Good news. We recoverd 60-70% from the May 2020 Core Update. I hope this sticks. Its not a full recovery but better then nothing. It gives hope.

Its a smart game. You get 80% taken, get 40% back, you have 40% effective loss but the customer is happy with it.

mzb44

9:30 am on Dec 5, 2020 (gmt 0)

5+ Year Member Top Contributors Of The Month



Congrats, sofie77. That's great news!

What changes and updates (if any) did you do after the May update?

sofie77

11:27 am on Dec 5, 2020 (gmt 0)

10+ Year Member Top Contributors Of The Month



Congrats, sofie77. That's great news!

What changes and updates (if any) did you do after the May update?


thank you but I think its to early to be a little bit happy. This rollercoaster since 2018 takes my trust away.
Well, we did alot between 2018 and may 2020 and of course 20 years before 7 days a week... but we stopped working on 6th may 2020. So in the last 7 month we did the daily work and made NO new projects or big improvemts. Our websites are great and the members and visitors love them. This has to be enough (for us).

We made changes for the loggedin users. We focused a bit on user experience but I am 100% sure, this has nothing to do with this core upate. The small recovery (related to 2018) has todo with the impact of good links and other factors. Unless there are no serious bugs or crawling problems on the site, there is nothing you can do. Says google itself related to core updates.

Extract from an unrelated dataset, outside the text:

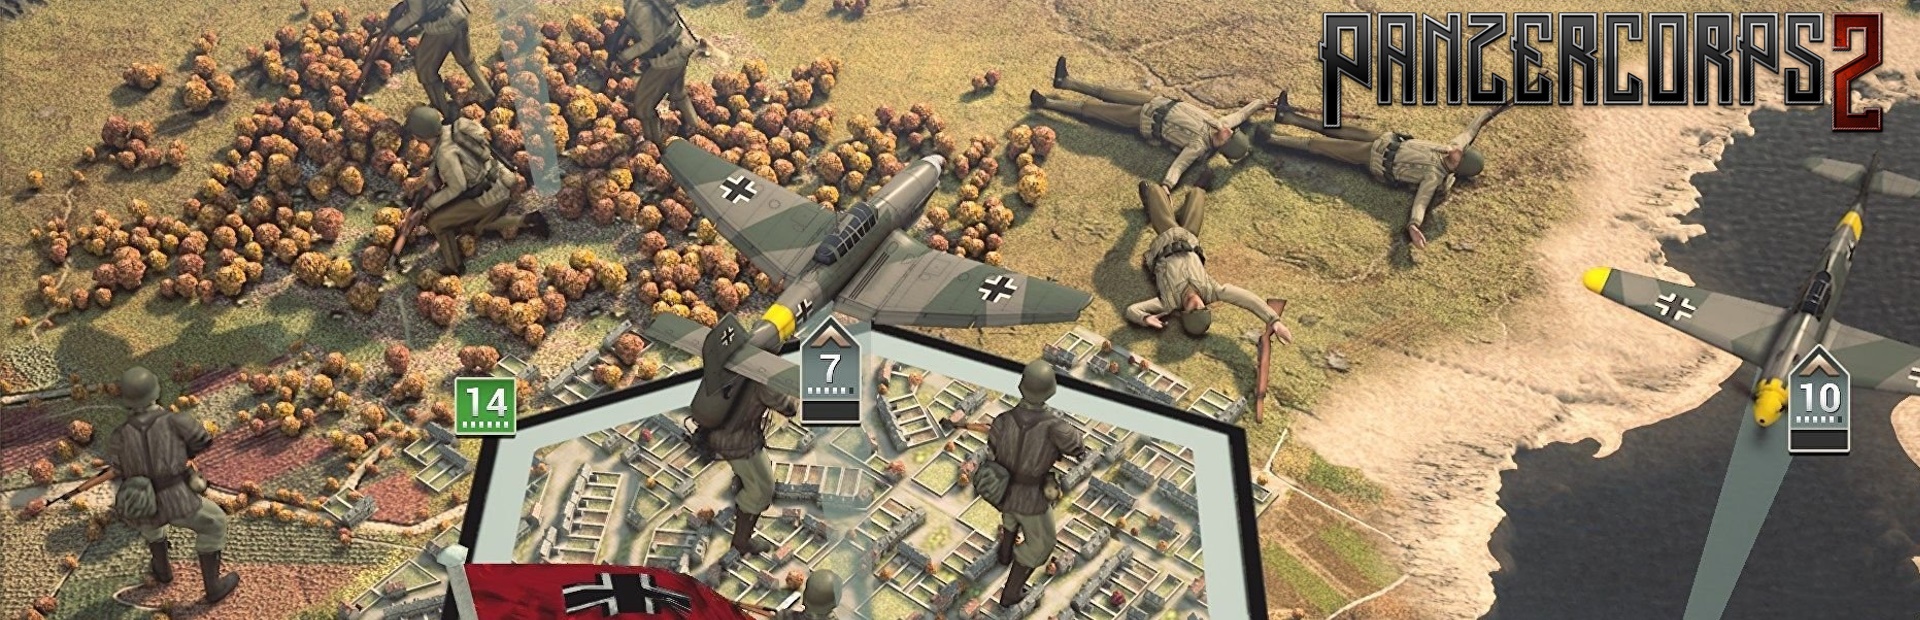 دانلود بازی Panzer Corps 2 برای PC | گیمباتو

Since May 2020 our live has changed a bit. The very good years (before 2018) are gone and the trend is completly visible. We dont sit anymore 10 hours a day infront of the PC. We try to find our peace in nature, with kids and dog. Everything else is a plus...but I don't want to make my mood dependent on google anymore. Well, since I heard about the new core update I fallen back into old patterns and checked keywords. I haven't done this for 7 months (almost ; )

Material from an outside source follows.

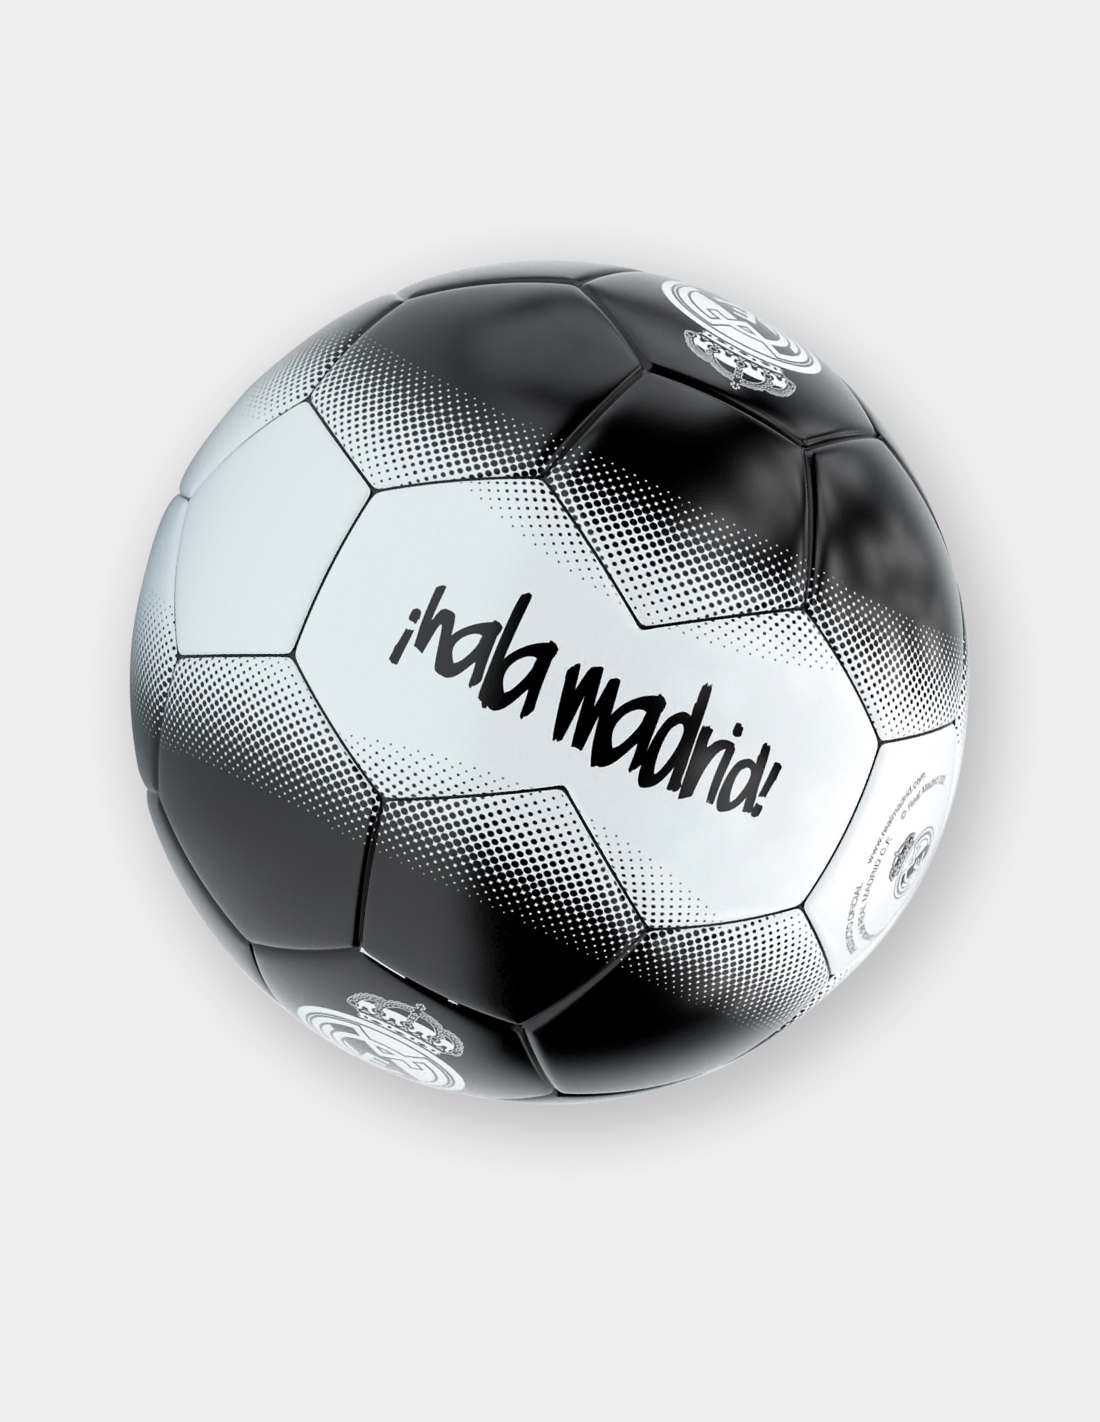 Balón de Futbol Real Madrid No.5 - Opción A shop

If the core updated sticks this way for us, we have only a grace period until the next update.

MayankParmar

1:11 pm on Dec 5, 2020 (gmt 0)

WebmasterWorld Senior Member 5+ Year Member Top Contributors Of The Month



News + affiliate or product reviews + affiliate is a common strategy and if that's the reason for the downfall then the competitors should also suffer.

mzb44

1:15 pm on Dec 5, 2020 (gmt 0)

5+ Year Member Top Contributors Of The Month



It definitely was / is a common strategy. But perhaps Google doesn't want this anymore?

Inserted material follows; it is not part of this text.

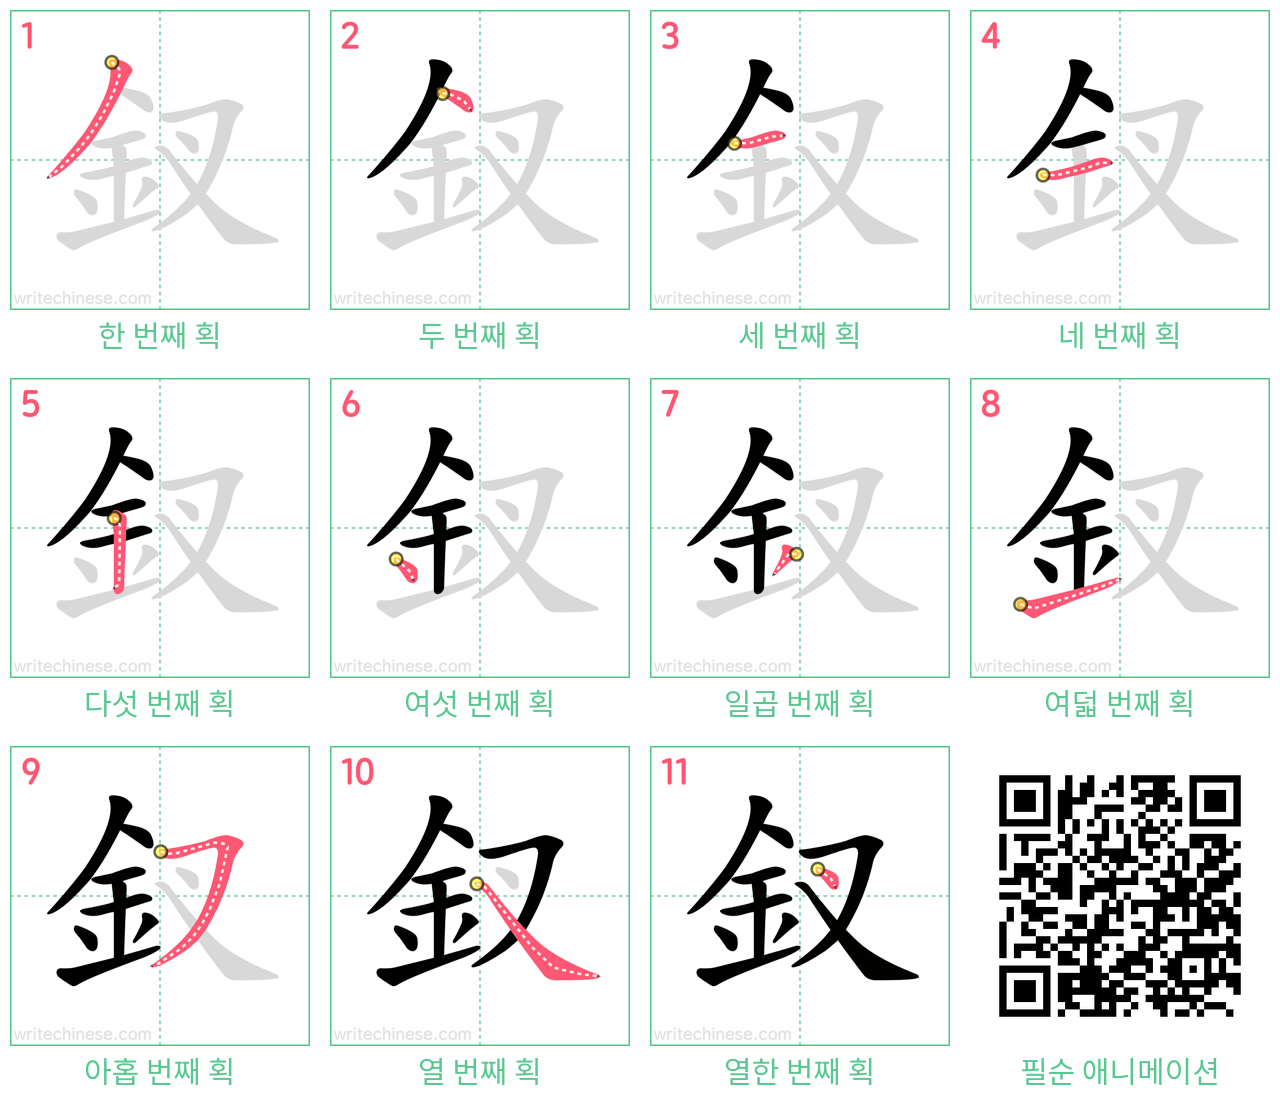 釵 step-by-step stroke order diagrams

Also, this seems to be a gradual process. A lot of affiliate / made-for-display-ads sites were hit in May. More now in December. There will probably be more come next core update.

This seems to be the trend. Just because some were not hit this time around doesn't mean they won't be next.

JeepersCreepers1

1:39 pm on Dec 5, 2020 (gmt 0)

5+ Year Member



Decrease -40% still work on. Website with own technology, not based on WP.

[edited by: JeepersCreepers1 at 1:44 pm (utc) on Dec 5, 2020]

christianz

1:41 pm on Dec 5, 2020 (gmt 0)

WebmasterWorld Senior Member 5+ Year Member Top Contributors Of The Month



Google wants to rank real and legitimate entities and organizations and sites that have a general purpose beyond just "let's make pages to add affiliate links / earn display ads revenue".


It would be great if this was true, but its not. They want to rank specific sites belonging to handful of large media companies. Just look at what they are doing in YouTube, which used to be fair playing field but now is dual-class cast system (corporate content floats to top).

AI is not smart enough to differentiate "sites with purpose beyond ads" and sites just made for ads.

In best case scenario Google is not as evil as I fear and all they are doing is trying to filter out spam, but clearly they are throwing the baby out with the bath water, judging by how many well aged, independent, quality sites have been hit.